Who is "we"?  What is "production"?  Are you talking about Twisted or a hypothetical project which uses Twisted, or a fork of Twisted on Launchpad?  Is this a hypothetical project or a real proejct?  I am super confused.

> 1) always branch at least once from the first branch off trunk (so branch off lp:~lvh/twisted/quantum-transmogrification). Net result: lp:~lvh/twisted/quantum-transmogrification only introduces code in the form of merges.

That's pretty much what I'm proposing, except I don't actually care whether they're merges or patches or individual commits, as long as they've cycled through code-review properly.

> 2) always do code review on branches being merged into your first branch off trunk (so everything merged into lp:~lvh/twisted/quantum-transmogrification has to be reviewed already)

And this is what we already do.

> Note that our merges into trunk are automagic.

(Again, who is "we", and by what mechanism are they automated?  Are you proposing that we do this, or are you stating that some other people do?)

> If it's merged into a direct branch off of trunk and it satisfies some qualities (such as full test coverage :)), it gets put into trunk, and that gets pushed to production servers. No human interaction. Scary at first, but then you realize humans were already involved in the QC process extensively at every point -- doing it this way just makes them take testing more seriously :)

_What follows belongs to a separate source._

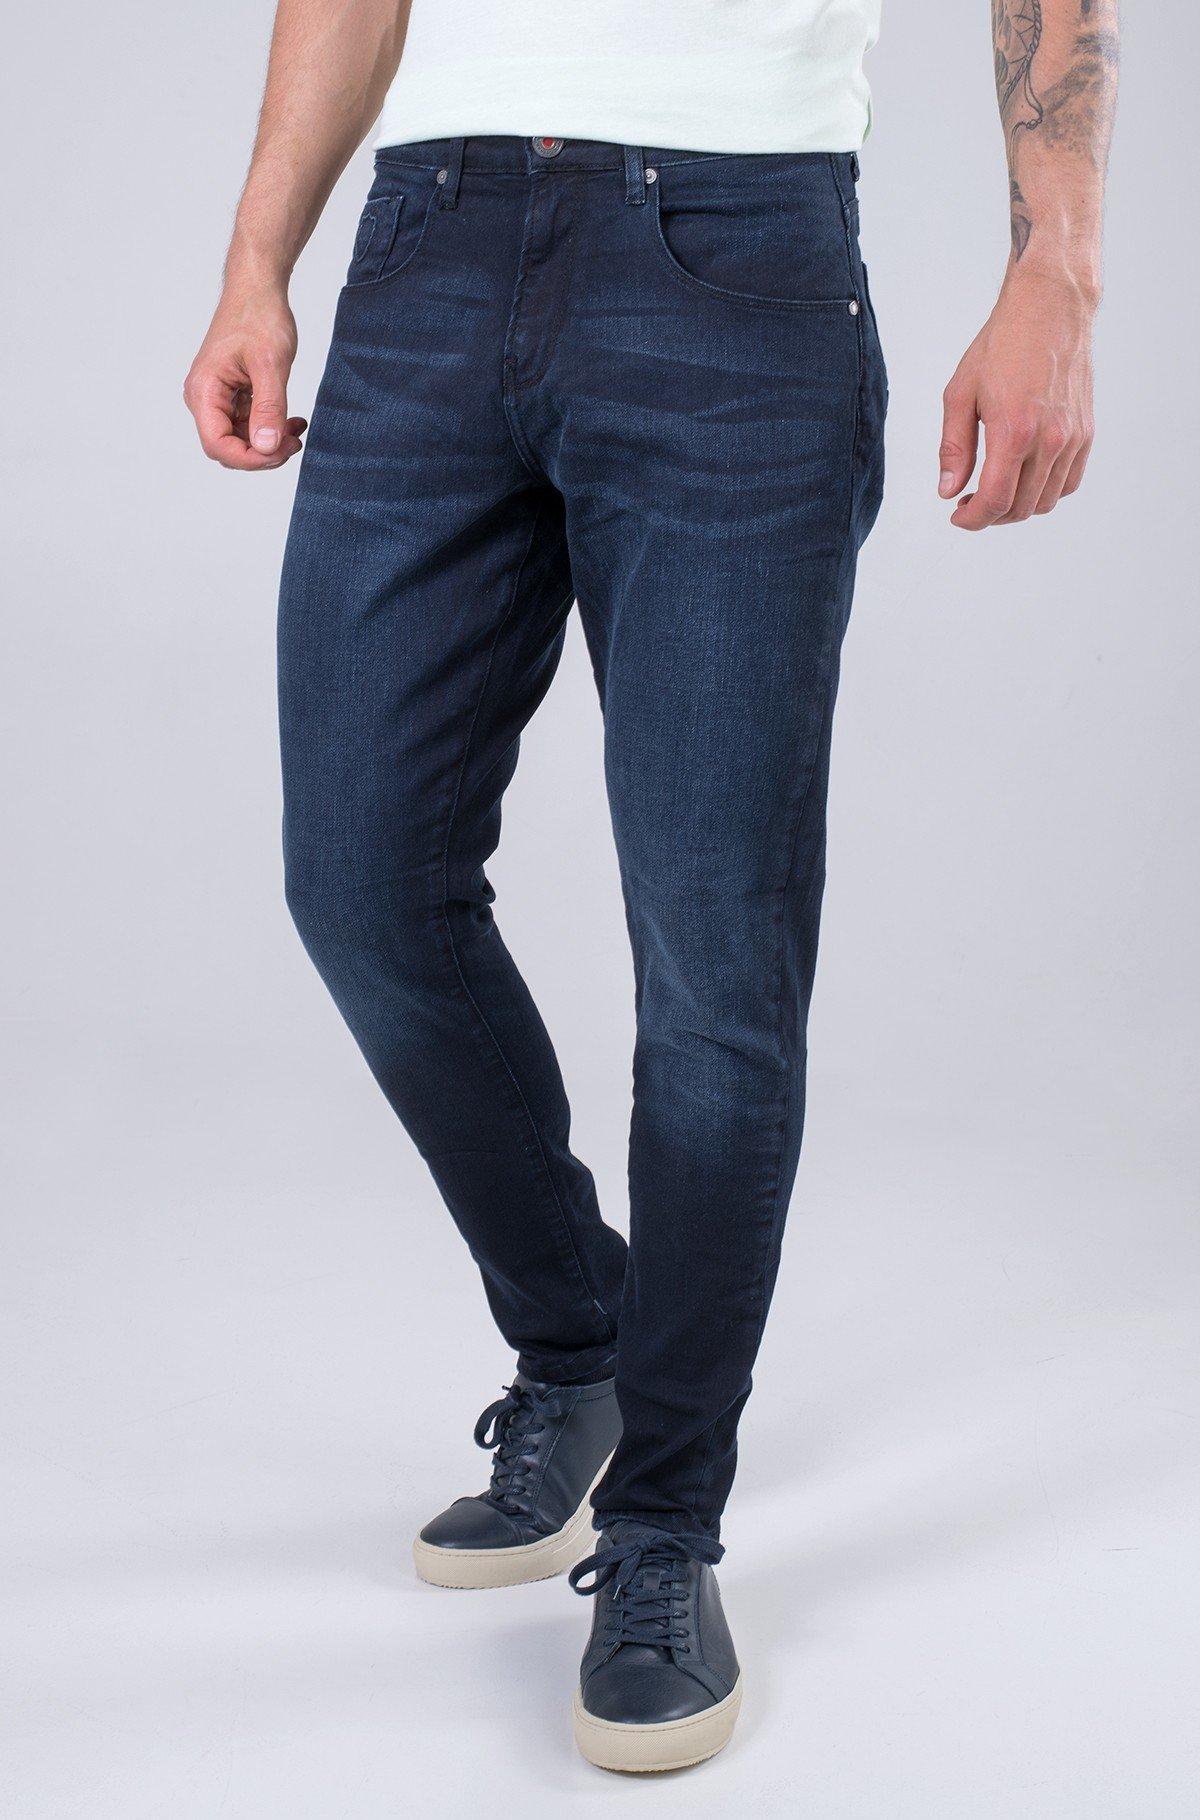 Jeans MORIARTY LAK 517-full-1

Human interaction of some kind should definitely be required for Twisted.  This is not just pushing some new widget to a web site; this is potentially pushing out new APIs that need to be documented and supported to a whole ton of developers.  The whole point of the process modification I've proposed is to make sure that features arrive in releases as coherent, comprehensible whole pieces, not to allow things we can automatically verify (like docstring and test coverage) to be deferred to later merges.  These properties of the code should still be verified on every merge to the integration branch; the interesting thing about the merge to trunk is the verification that the unit is a coherent whole (and in the case of a deprecation / replacement, that the replacement is a functionally adequate upgrade).

> I think a bug would be similar except the root would not be a blueprint but a bug.

So, I'm really confused as to what the purpose of this message was - are you just describing how a similar workflow might work if we used launchpad, advocating that we switch to launchpad in order to implement this, advocating that we use launchpad for big features but *not* for other stuff, or ... what?  If you're proposing a different functional modification to the existing process, can you do it without reference to tons of launchpad-specific terminology?

Sorry if this comes off as a little flamey; I really am just confused as to what the point was.